SQLCOUNT

COUNT

COUNT is the aggregate function you will reach for most often — it tells you how many rows match a condition. But COUNT has three distinct forms, and mixing them up is one of the most common sources of subtly wrong query results in SQL.

The three forms of COUNT

Form

What it counts

COUNT(*)

Every row in the group, regardless of NULLs in any column

COUNT(column)

Only rows where that specific column is NOT NULL

COUNT(DISTINCT column)

The number of unique, non-NULL values in that column

COUNT(*) vs COUNT(column) is a classic gotcha
COUNT(*) counts rows — full stop. It does not look inside any column, so rows with NULL values are still counted. COUNT(column) is different: it only counts rows where that particular column has an actual (non-NULL) value. This distinction quietly produces wrong totals if you assume they always give the same number, and it is a frequent interview question for exactly that reason.
Worked example

customers

SQL
-- customers table
-- id | name    | phone
-- ---+---------+-----------
--  1 | Alice   | 555-0101
--  2 | Bob     | NULL
--  3 | Carol   | 555-0101
--  4 | Dave    | 555-0104
--  5 | Eve     | NULL

SELECT
  COUNT(*)                 AS total_rows,
  COUNT(phone)              AS rows_with_phone,
  COUNT(DISTINCT phone)     AS unique_phone_numbers
FROM customers;
total_rows | rows_with_phone | unique_phone_numbers
-----------+-----------------+----------------------
         5 |               3 |                    2

All three numbers come from the same five rows, and all three are correct — they are just answering different questions:

  • COUNT(*) = 5 — there are 5 rows total, NULL phones included.
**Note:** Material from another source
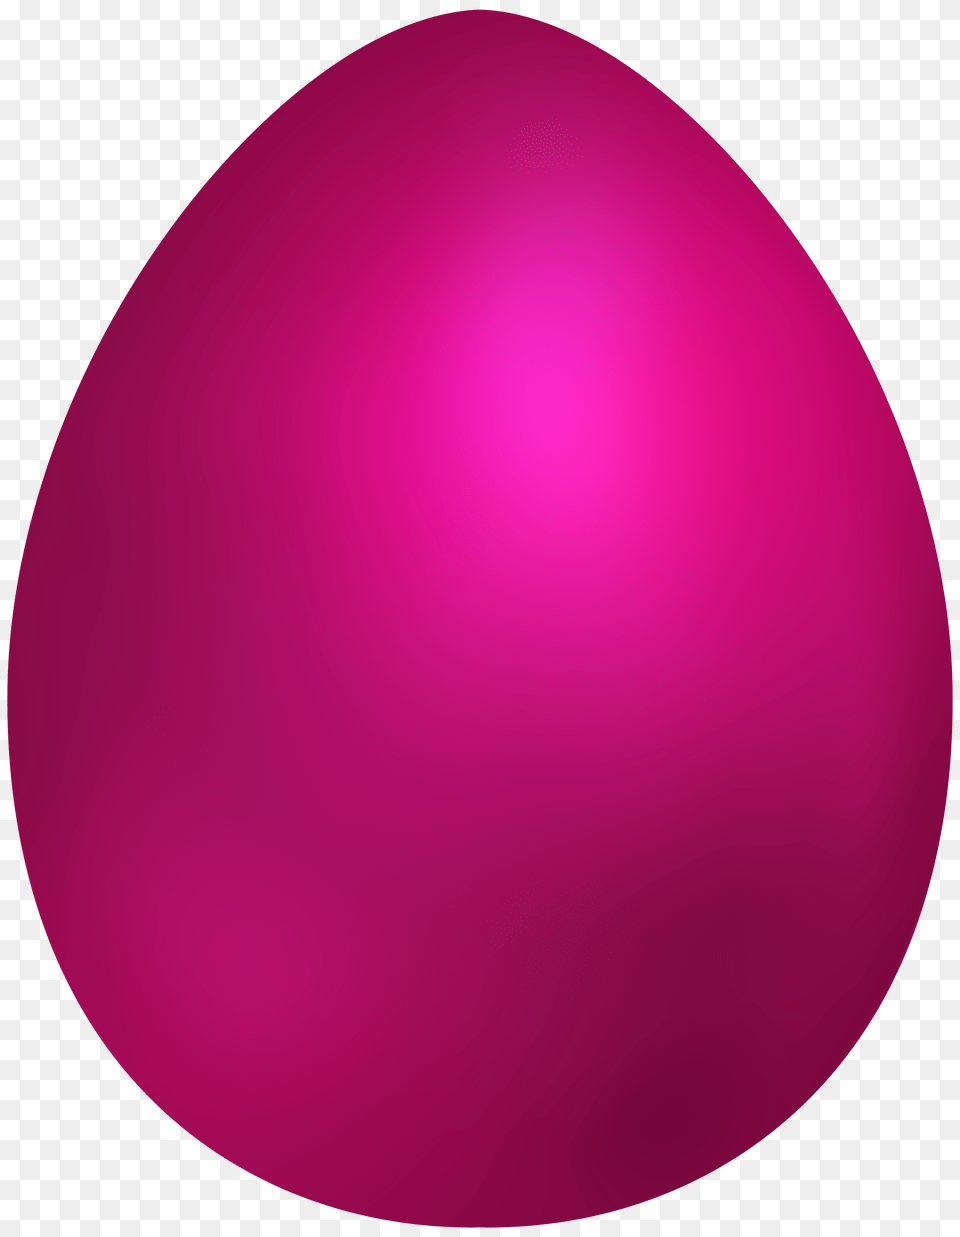 Pink Easter Egg Clip Art, Easter Egg, Food, Clothing, Hardhat Png

  • COUNT(phone) = 3 — only 3 rows have a non-NULL phone number.

  • COUNT(DISTINCT phone) = 2 — of those non-NULL phone numbers, only 2 are unique (555-0101 appears twice).
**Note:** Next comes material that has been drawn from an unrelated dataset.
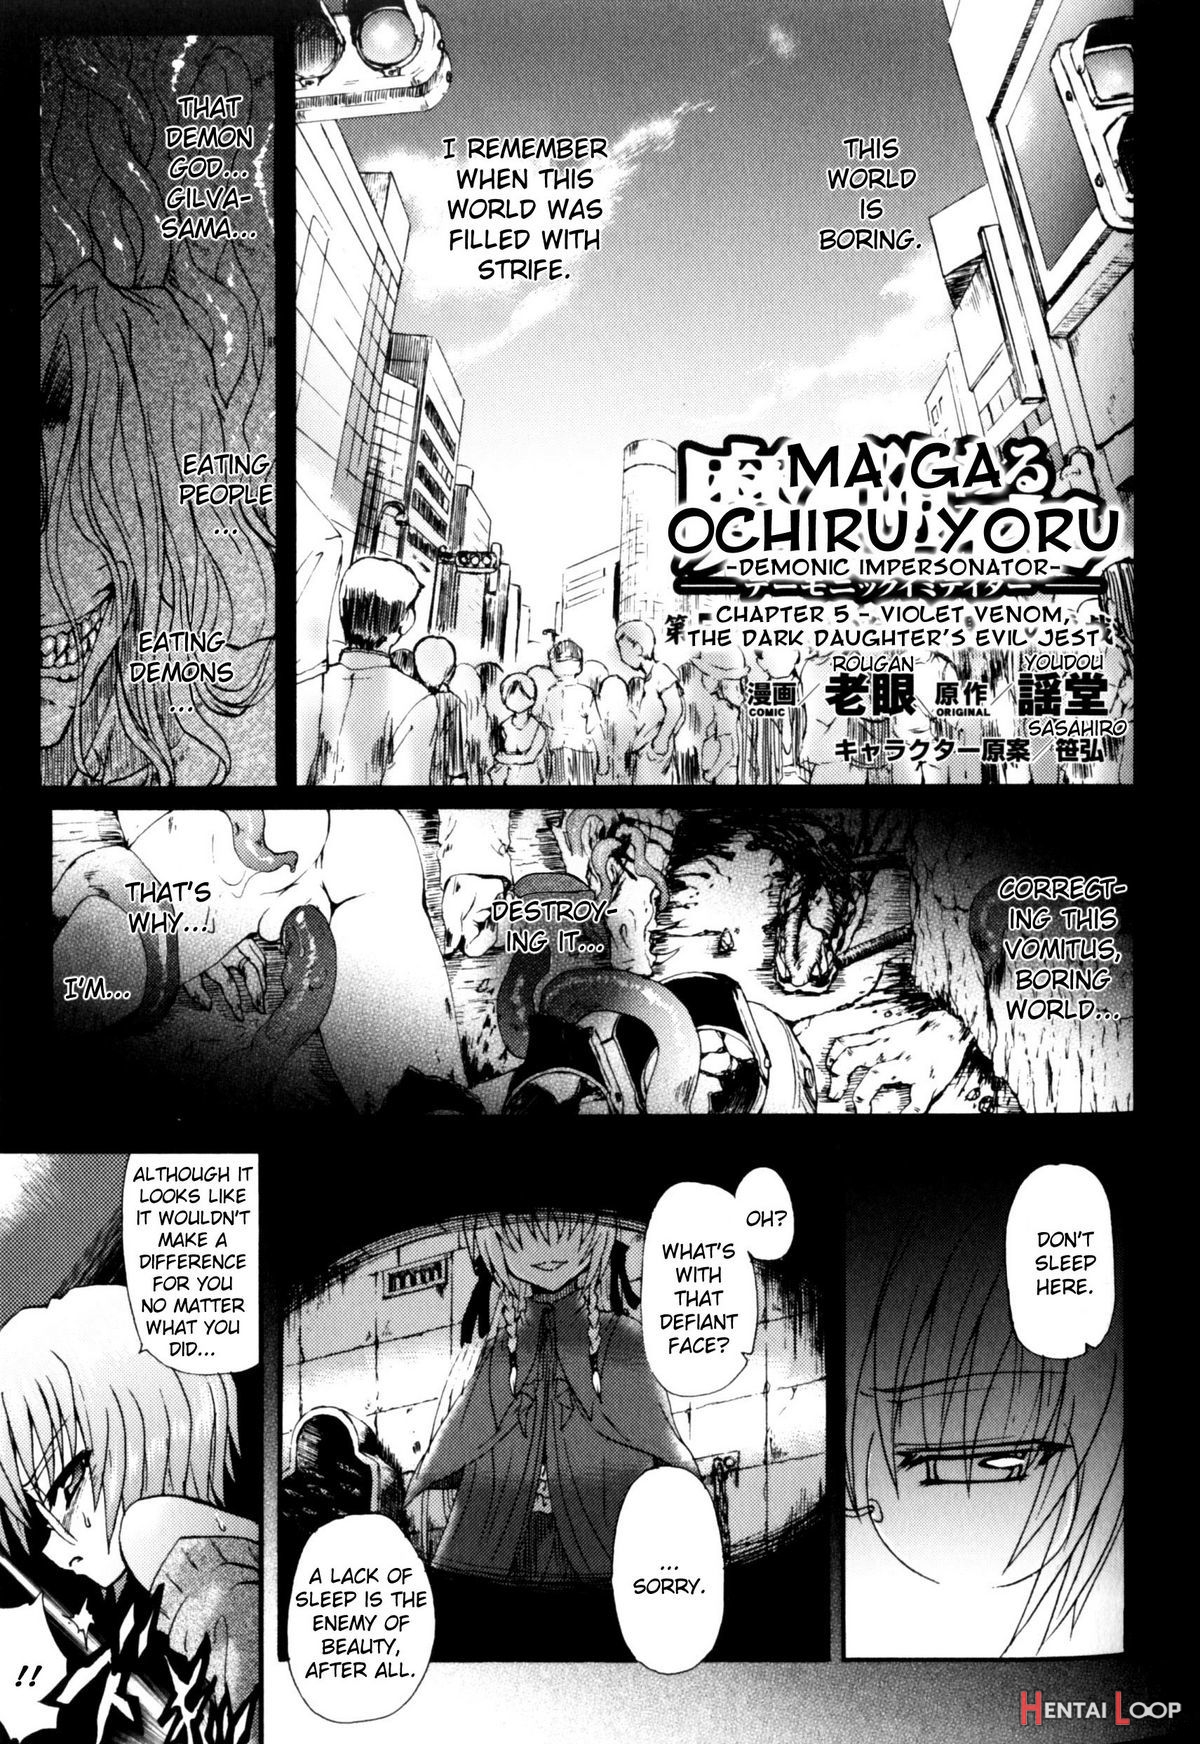 Ma Ga Ochiru Yoru05 page 93

COUNT with WHERE and GROUP BY

SQL
-- Count only delivered orders
SELECT COUNT(*) AS delivered_count
FROM orders
WHERE status = 'delivered';

-- Count orders per customer
SELECT customer_id, COUNT(*) AS order_count
FROM orders
GROUP BY customer_id
ORDER BY order_count DESC;

-- Count how many distinct customers have placed an order
SELECT COUNT(DISTINCT customer_id) AS unique_customers
FROM orders;

A useful mental model: COUNT(*) answers "how many rows are there?", COUNT(column) answers "how many rows actually have a value here?", and COUNT(DISTINCT column) answers "how many different values are there?" Reach for the one that matches the actual question you are asking.

  • COUNT(*) counts all rows, including rows with NULL values.

  • COUNT(column) counts only rows where that column is non-NULL.

  • COUNT(DISTINCT column) counts unique non-NULL values.

  • Choosing the wrong form is a very common source of subtly incorrect results.